On behalf of the Group of the European People’s Party, I want to speak about religious freedom. In our European society, freedom of thought, conscience and religion are fundamental rights. That high standard of human rights is, for the most part, the product of our society’s deep Christian heritage. Although the main pillars of Christianity are faith, charity, dignity and respect, many who promote such values become the target of discriminatory attacks. An ever increasing number of cases of “Christianophobia” have been recorded in Europe. According to a report published on 19 March 2012 by the Observatory on Intolerance and Discrimination Against Christians in Europe, a non-governmental organisation based in Vienna, 85% of hate crimes committed in Europe during 2011 were aimed at Christians. The report summarised incidents ranging from vandalism and insults to suppression of religious symbols, desecrations, hate crimes and religiously motivated violence.
Regrettably, this is not the only report that shows worrying data about intolerance of and discrimination against Christians in Europe. The same kind of conclusions emerge from a study conducted in Britain by ComRes – one of the leading polling agencies – which found that 74% of those surveyed believed that there was more intolerance and discrimination against Christians than against people of other religions in Europe. That compares with 66% in November 2009. One reason for that trend is that the Christian church stands for traditional values, especially in regard to family, marriage and the sanctity of life.
According to statistics offered by the Scottish Government in 2011, 95% of religiously motivated violence in Scotland is aimed at Christians. In November 2010, the French Minister of the Interior wrote a letter to the High Commissioner for Human Rights at the Council of Europe stating that of 485 acts of vandalism against faith sites, 410 had been directed against Christian sites. That is more than 80%. Other sources indicate that people are marginalised for the simple reason that they are in favour of Christian values.

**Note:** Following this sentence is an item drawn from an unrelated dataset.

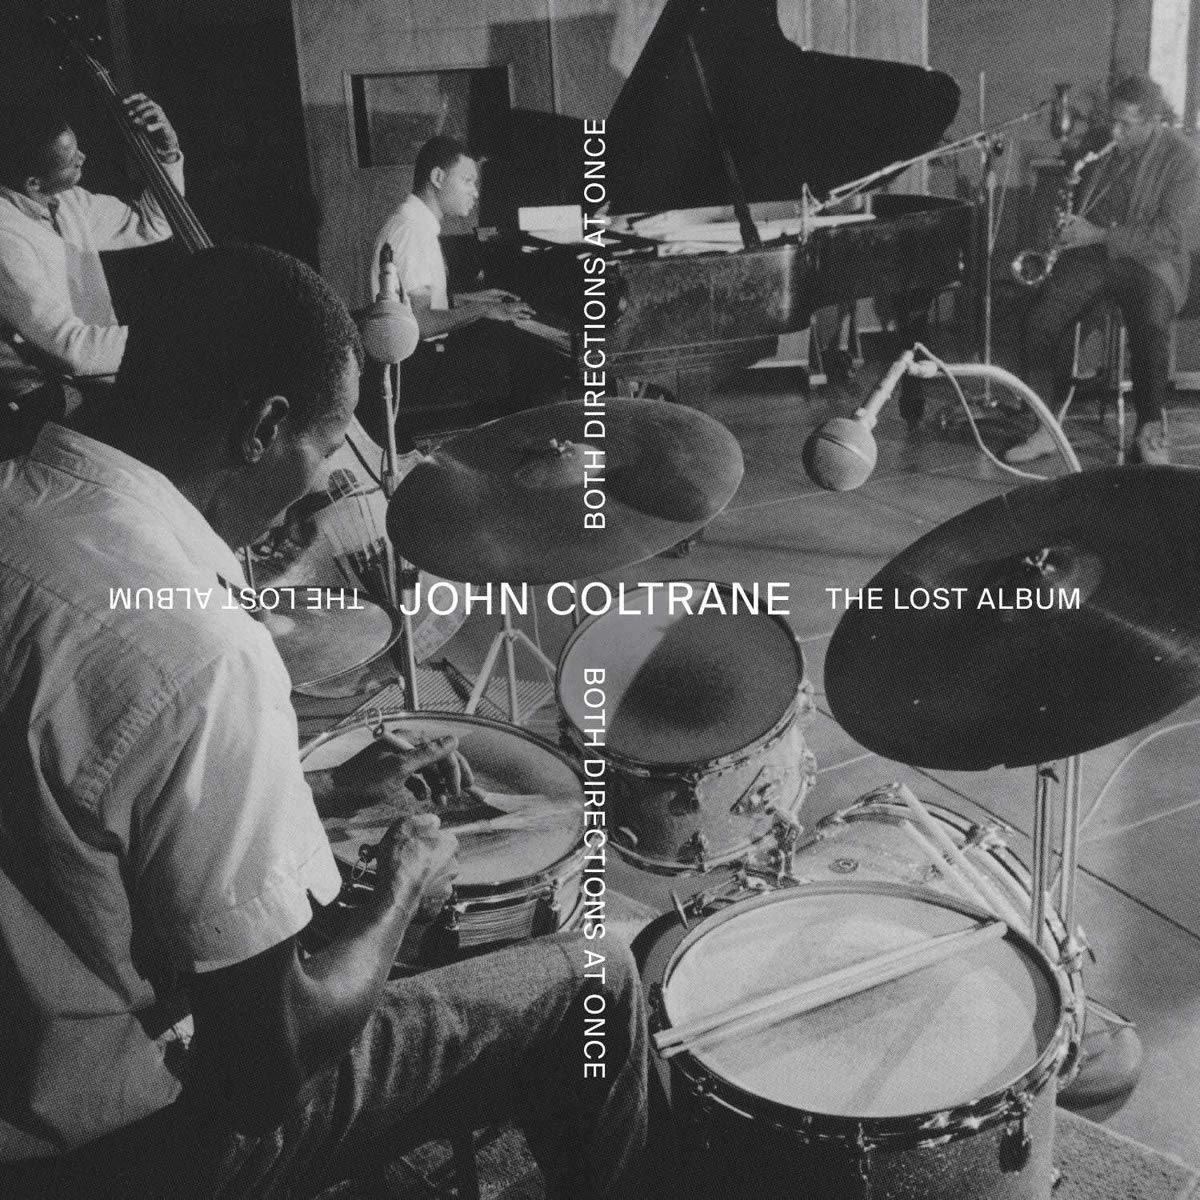 JOHN COLTRANE - BOTH DIRECTIONS AT ONCE Vinyl LP

Although religious freedom in eastern Europe is growing, it is still fragile, and cases of discrimination and intolerance are common. A relevant example is the discrimination against representatives of small Christian denominations, such as Protestant and neo-Protestant. If we look outside Europe to our neighbouring regions, we find that the situation of Christians in countries such as Libya, Egypt and Syria is critical. While clashes between government troops and opposition forces have been blamed for the social and political unrest there, Christians have often been caught in the crossfire and become targets of violent revenge attacks. I am glad that we shall have an opportunity on Thursday to discuss the situation in Egypt, but I regret that the title of the report has been changed. Initially, the proposal was to discuss the situation of Christians in Egypt, which I believe would have been much more appropriate.
European society has always been an example of democracy worthy of being followed by developing countries, but the growing discrimination against Christianity, both inside and outside Europe, is a matter of concern. That is why I believe it is important to bring these issues to your attention, and I hope that the Assembly will take note of them.